On the whole, both the ideologues and opportunists frequently have stood with the realists and idealists, often (usually intentionally) becoming indistinguishable from them.

But the key difference is that activists in this second group were only marginally concerned about the issues raised by Bank lending; their focus instead was either on the political and ideological implications of the bank's continued influence or on winning power for themselves.

In response to the increasing calls for change from both the idealist and ideological camps, the Bank, under former President James Wolfensohn, embarked on a series of reforms to address many of the social and environmental questions being raised.

Wolfensohn created departments that were staffed by career activists to work closely with NGOs on questions about the social and environmental implications of the Bank's lending. Activists were invited to participate in hearings, and their concerns began to be taken into consideration.

Once Wolfensohn's reforms took effect, government ministers seeking loans from the Bank were surprised by the details they were asked to provide about environmental and social implications of the project at issue.

These ministers learned the game: They had to work with credible NGOs on the ground and to win their support in order for the project to go forward quickly and easily.

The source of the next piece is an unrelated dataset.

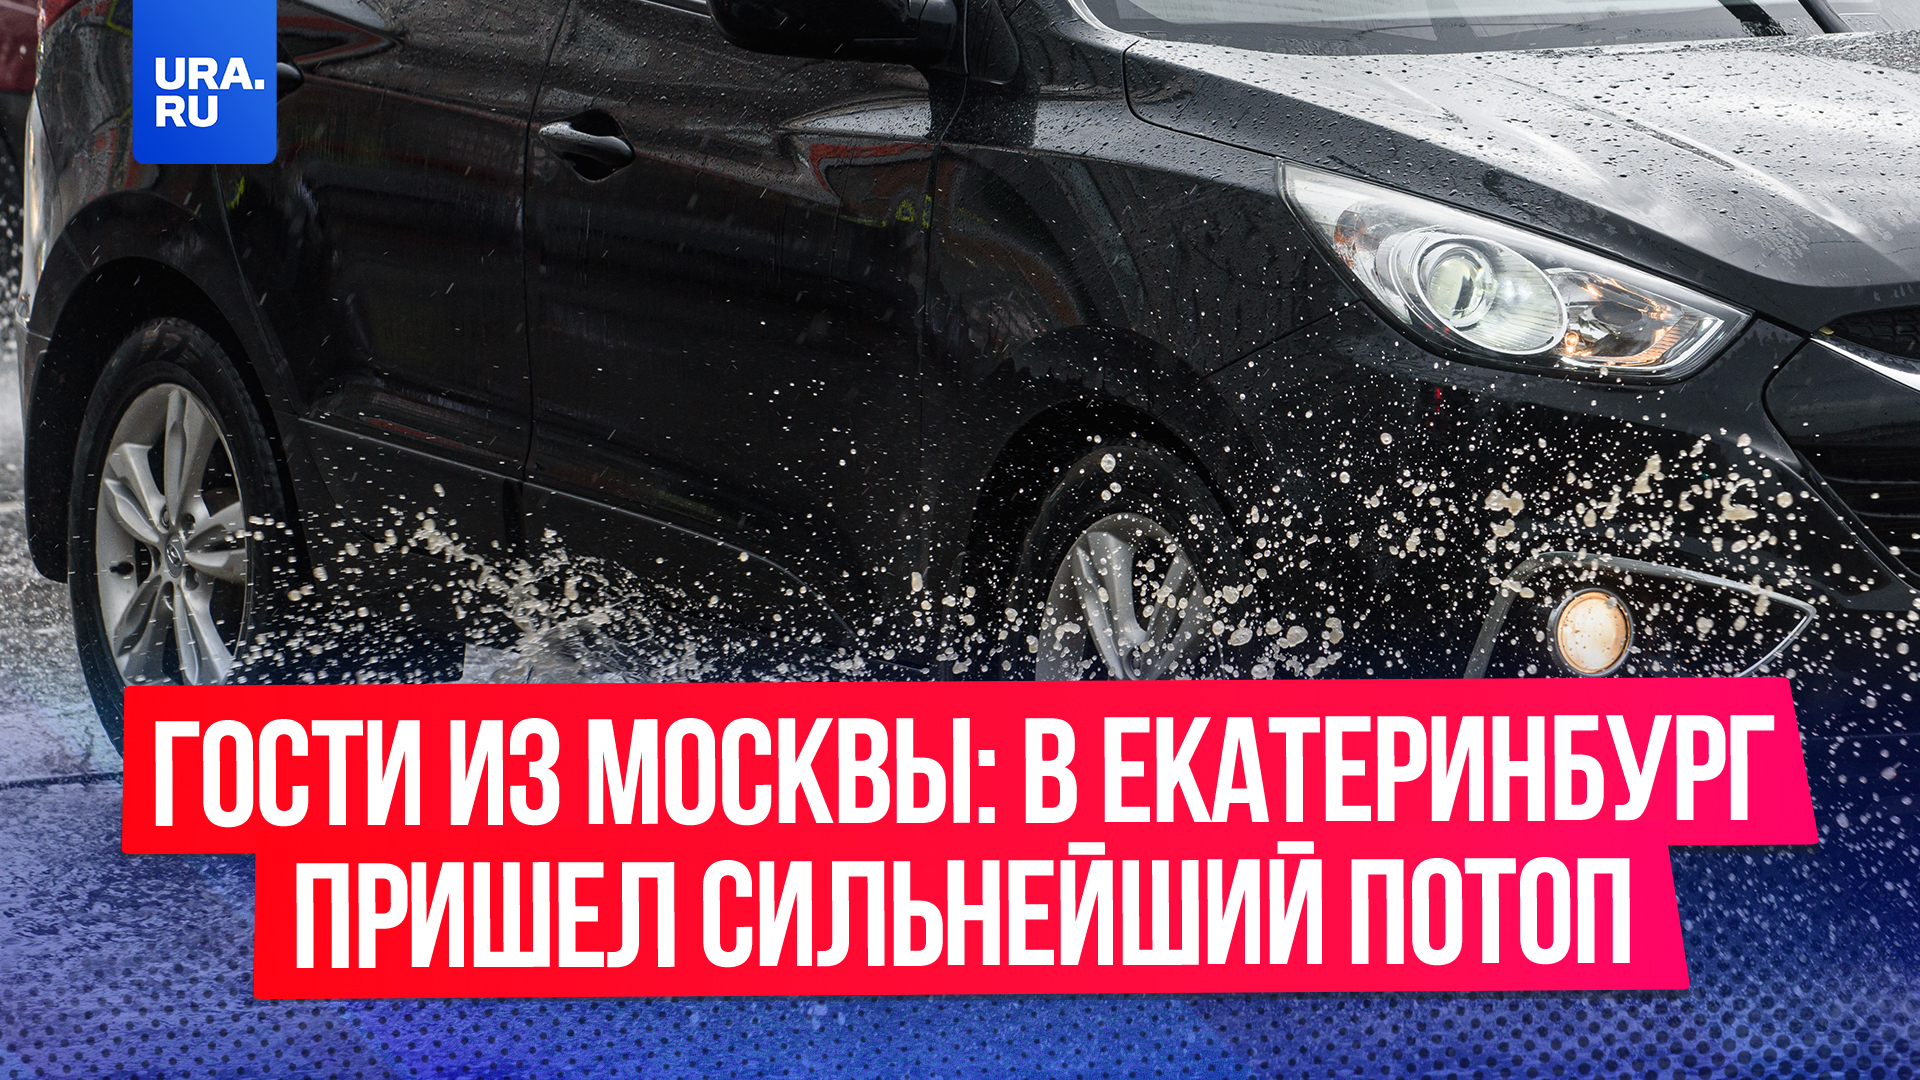 Гости из Москвы: в Екатеринбург пришел сильнейший потоп

Without the consent of local, credible NGOs, the project would be subject to numerous reviews at the World Bank.

And though such reviews did not necessarily mean withdrawal of the Bank's funding, they could be expensive, time- consuming and, often, require changes to the project to address the same concerns NGOs would have raised.

In this environment, the ideological critics found themselves in a bind. Their decade- long criticisms over implications of Bank lending for environmental (or human rights or indigenous rights) issues were being addressed in practical terms.

The second group did not really want environmental and social impact statements so much as they wanted a platform for criticizing the institutions.

Thus, as the Bank surrendered to mainstream critics and acted on the issues at hand, the ideological activists turned to a more traditional, populist set of arguments.

Populist opposition was not hard to build.

In many countries, the World Bank is viewed as a vehicle of neoliberal imperialism, and saying that a project is a "World Bank project" can hurt the project's champions politically.

This was evident in the recent controversy over a paper mill in Uruguay, which was heavily criticized by Buenos Aires for the pollution it would bring to Argentina. The Argentineans made much of the fact that the paper mill was a Bank-funded project -- calling it a World Bank "operation."

While it is true that the Bank provided free consulting for the project, it was not a key player in its construction or operations. Still, the argument that it was Bank-supported became a significant part of the political battle over the mill.

Populist sentiments against the Bank climbed further when Paul Wolfowitz, a neoconservative with a reputation as an "architect of the Iraq war," was named as Wolfensohn's successor in 2005.

Wolfowitz has maintained the reforms that Wolfensohn put in place, and he continues to seek the support and guidance of NGOs. But ideological critics of the Bank have seized upon his background and current office as proof that the Bank is an aggressive, imperialistic instrument of Western, and particularly American, foreign policy.